Woodcock Hill Cemetery: Bodies buried over Covid victims days after funerals
The families of two men who died with Covid were distraught to discover bodies had been buried on top of their loved ones days after their funerals.
Relatives of Basheer Meghjee said they only found out another person had been placed in his grave in Rickmansworth, Hertfordshire, through rumours.
The family, who informed another that the same may have happened to them, added they had been left "in pieces".
The cemetery's leaseholders said the family agreed to the two-tier burial.
Mr Meghjee, who lived in Stanmore, north-west London, died last year at the age of 76.
He was buried in the Muslim section of Woodcock Hill Cemetery on 27 March, but 12 days later the grave was opened up and an unrelated person was placed above him in the same plot.
His family said they were not informed that it had happened and only found out through "community whispers".
Mr Meghjee's nephew Monty said they initially "just didn't believe it" but it was confirmed three weeks later "and the family were absolutely horrified".
Abbas Meghjee, Basheer Meghjee's son, said they had been left "in pieces".
"My mum especially comes every week to the graveyard and every week we have the same conversation as we're leaving as to why it happened," he said.
Upon visiting the grave in April last year, the family became suspicious that the same thing may have happened in the plot next to their father's, where Mustafa Ibrahim had been buried, and so they left a note.
It was discovered by Mr Ibrahim's daughter Yugel who said she also did not know that her father's grave had been opened and contained a second body.
"I felt sick. I couldn't come to the grave. I still struggle to come to the grave," she said.
"I find it hard coming to my dad's grave knowing, with no disrespect, there's another man on top of him."
Despite both families having their loved ones placed in double graves, there are numerous empty plots which are not in use at the site.
Woodcock Hill Cemetery includes both a Christian and a Muslim section.
The site is administered by Three Rivers District Council but the Muslim section is leased and looked after by BW Foundation, the charitable arm of the Salaam Centre based in Harrow.
The foundation introduced a new two-tier burial policy on 16 March last year in response to an expected rise in demand for graves because of Covid, which families had to agree to.
The double burial policy was ended in August 2020 after it became clear demand for graves was not as high as expected.
The Meghjee family launched legal proceedings in the summer to exhume the other body and stop the two-tier system, claiming that the policy was not clear and they had believed it would only be applied if plot spaces ran out.
However, a High Court judge ruled against them saying they had signed the document and the BW Foundation had acted "properly and with sensitivity throughout".
BW Foundation said it had "entered in dialogue with an Islamic jurisprudential" to ensure acceptability of multi-tier graves for Muslim burials and the charity had taken "extra care in advising family members and the local mosque of this change".

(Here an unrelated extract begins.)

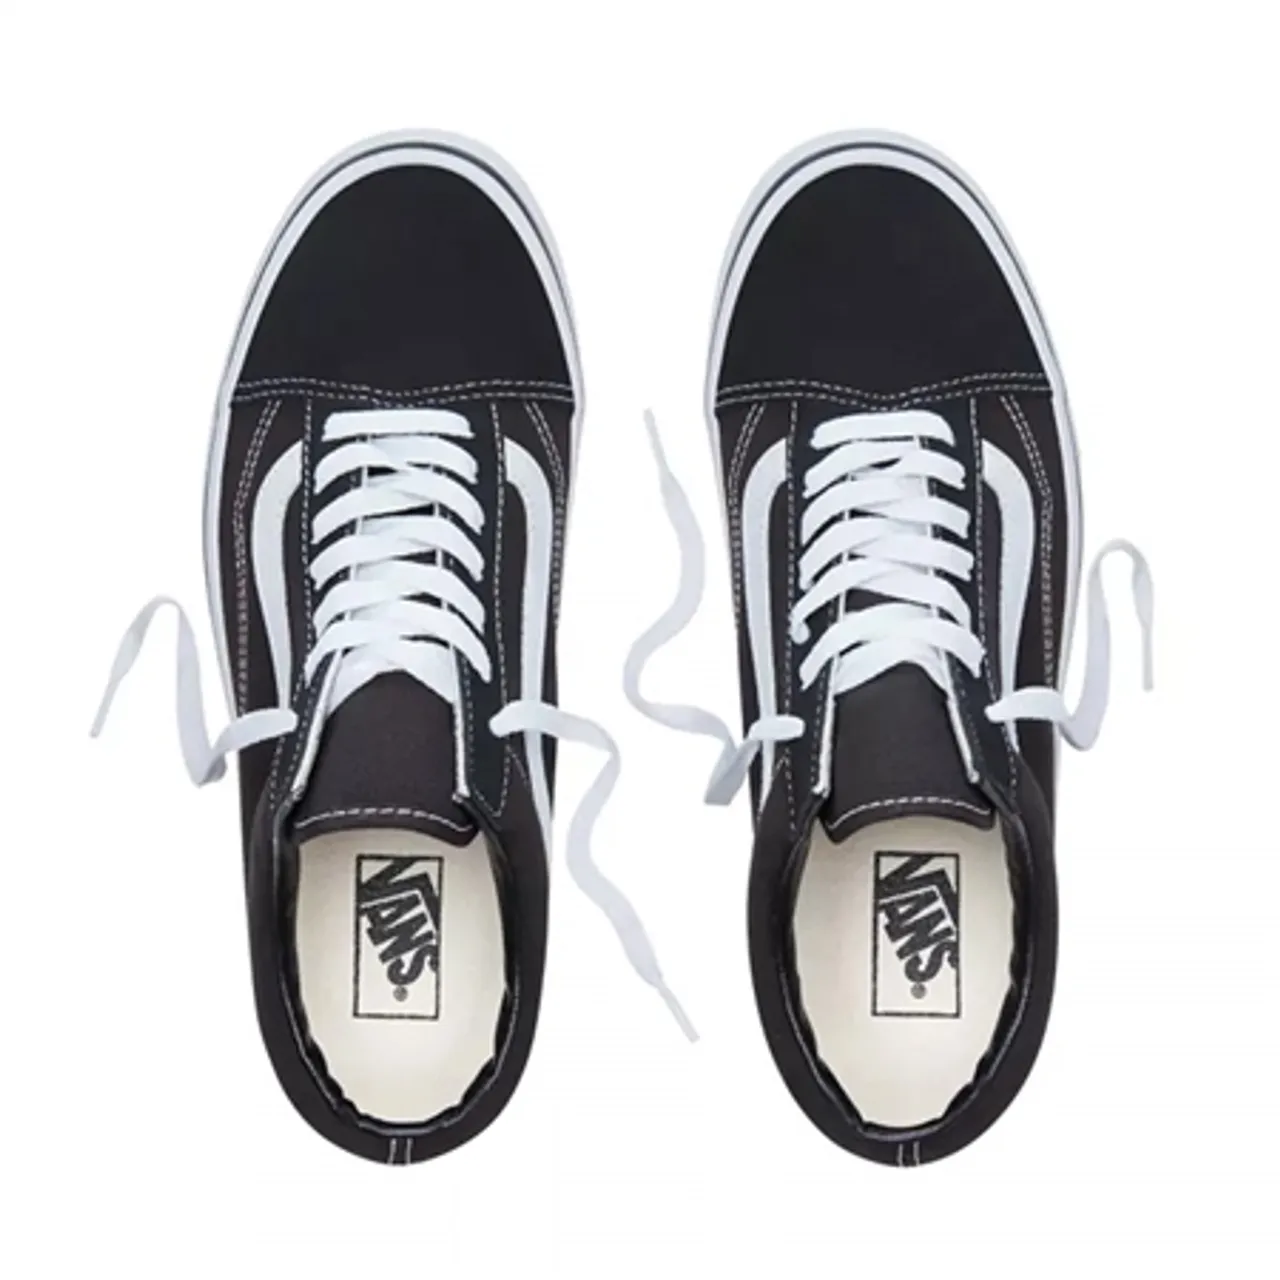 Vans Old Skool Mens Shoes - Black & White - UK 7 (EU 40.5)

It added that it had received "several complaints" over the past year that two-tier burials had been carried out without families' consent, but said it had "documented evidence... to prove that the accusations are baseless".
Analysis
By Tom Edwards, BBC London correspondent
Woodcock Hill Cemetery is a peaceful place. There is birdsong from the surrounding tall trees.
It looks like many other cemeteries but here, if you look closely, at two graves there are differences on the name plaques.
Here, different people from different families are buried in the same plot.
The two-tier grave policy was brought in as the charity and leaseholder BW Foundation was expecting more burials during the pandemic.
The families feel wronged. They have tried getting an injunction in the courts, but to no avail.
The judge ruled they had been told of the two-tier grave policy in writing.
The families say they were grieving, and their faith meant they had to get their loved ones buried quickly. They say they wouldn't have signed anything to agree to double burials if they had known.
They say they won't give up their fight for an apology and resolution and say they are caught in a nightmare.
Their hopes lie now with the Local Government Ombudsman.